Detailed Description

Complete technical specification and implementation details from the patent document.

The present disclosure relates to a Field Programmable Gate Array (FPGA) for video processing including a graphical processing unit and to a video processing device, in particular a multiviewer system comprising such an FPGA.

For the transition from media broadcasting equipment to purely IP-based broadcast equipment, operators and broadcasting companies need equipment for implementing the transition between classical broadcast equipment utilizing traditional baseband media and IP-based broadcast equipment.

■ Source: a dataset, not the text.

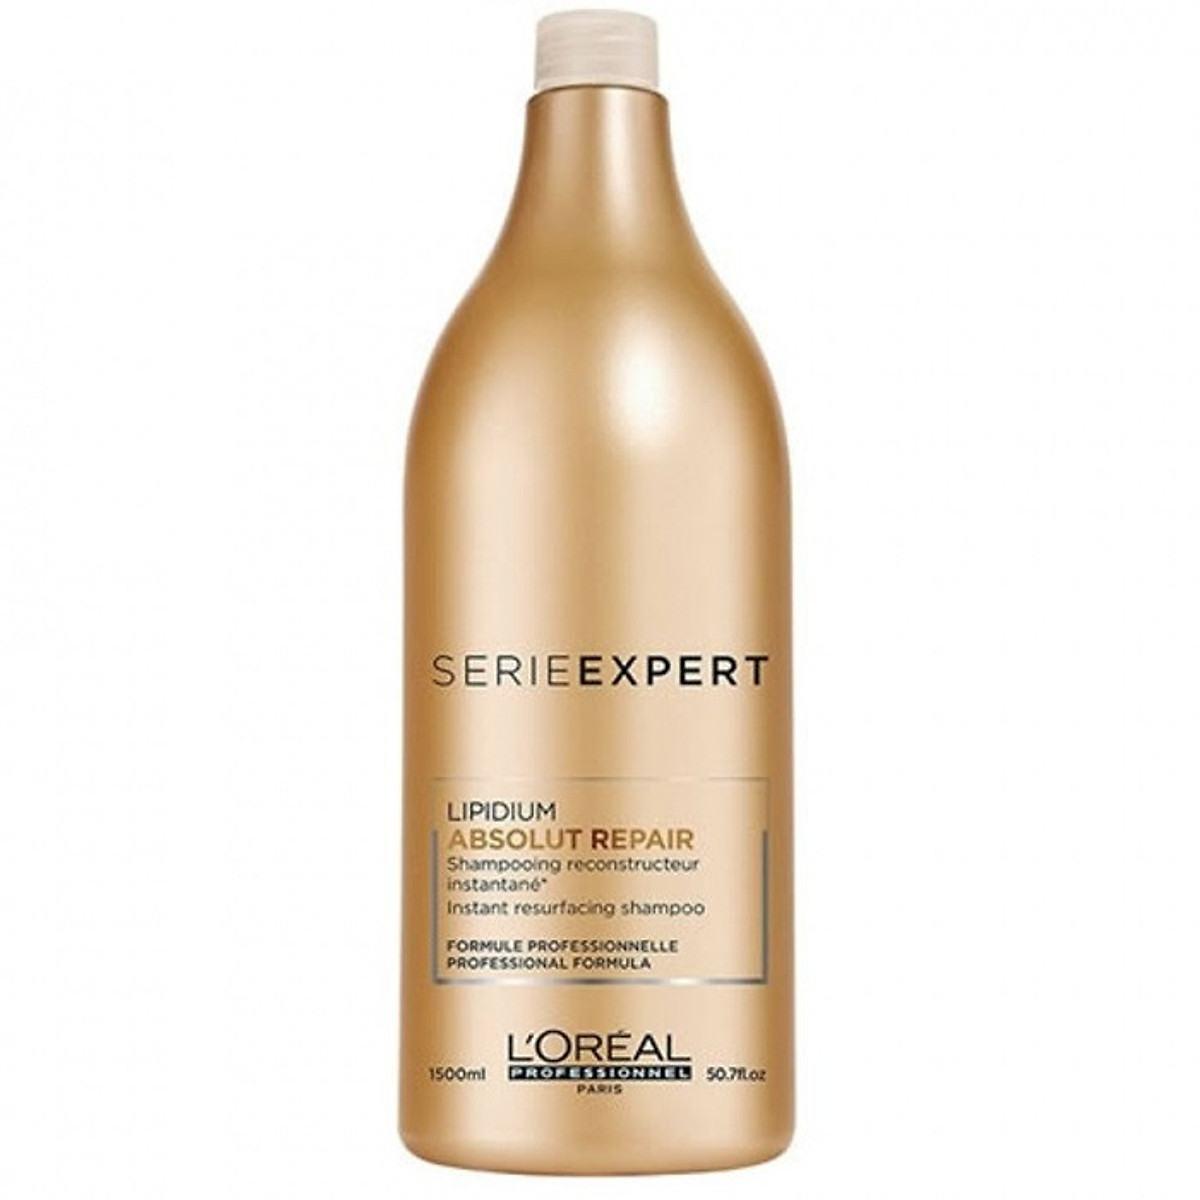 Dầu gội phục hồi tóc L'oreal Serie Expert Absolut Repair Instant resurfacing shampoo 1500ml | Tiki

For the transition to purely native IP infrastructures, broadcasters and media organizations need efficient media processing tools to bridge the gap between traditional baseband media and modern IP environments. Commercially available network attached processor (NAP) devices such as Neuron® from EVS Broadcast SA offer IP video, audio, and data processing for both current and future broadcast operations. Designed around IP technology, NAP devices have the power to process up to 64 HD channels or 16 UHD channels delivered via true 100G Ethernet and optional SDI connectivity. NAP devices offer various applications including bridge, convert, protect, compress, shuffle, and view of the received channels to meet infrastructure processing requirements. In other words, by loading different kind of software it is possible to configure a hardware platform to perform different types of processing.

Operators/users in a broadcast studio for news or sports productions utilize multiviewers to monitor multiple video and audio streams at the same time for improved usability and ease of operation of their live production workflows. Flexibility on the layout of the multiviewer and low latency are aspects that are important for the users.

When operating as a multiviewer, the NAP device needs to be able to execute graphics functions such as to display audio meters, to move graphics elements by bit blitter operations, and to draw bordered boxes to name some examples. To this end, a graphic processing unit (GPU) is provided in the NAP device that interfaces with the software application that configures the NAP device as a multiviewer. For achieving smooth graphics, the GPU must be able to display e.g. 8 audio meters and adapt the display for every frame. Furthermore, execution of graphic processing should not be done at the expense of a CPU in the NAP device executing the software that implements the multiviewer functionality.

Existing GPUs are typically hard coded on an FPGA, i.e. their functionality is fixed and not flexible. The GPU is defined using a hardware description language and translated into a configuration file by generator software, which specifies how the physical elements in the FPGA are to be connected. In this sense a hardcoded GPU defines the desired circuit structure of the FPGA. This is also referred to as the configuration of the FPGA. In consequence, conventional GPUs can process only predefined input commands and data to produce a predefined graphical output. This type of fixed function GPU consumes FPGA resources and is for that reason normally not scalable because the FPGA resources are limited and are needed to perform processing steps on the incoming video streams. For the sake of clarity is noted that for the GPU it does not matter if an SDI-only processing multiviewer or IP-based multiviewer is used.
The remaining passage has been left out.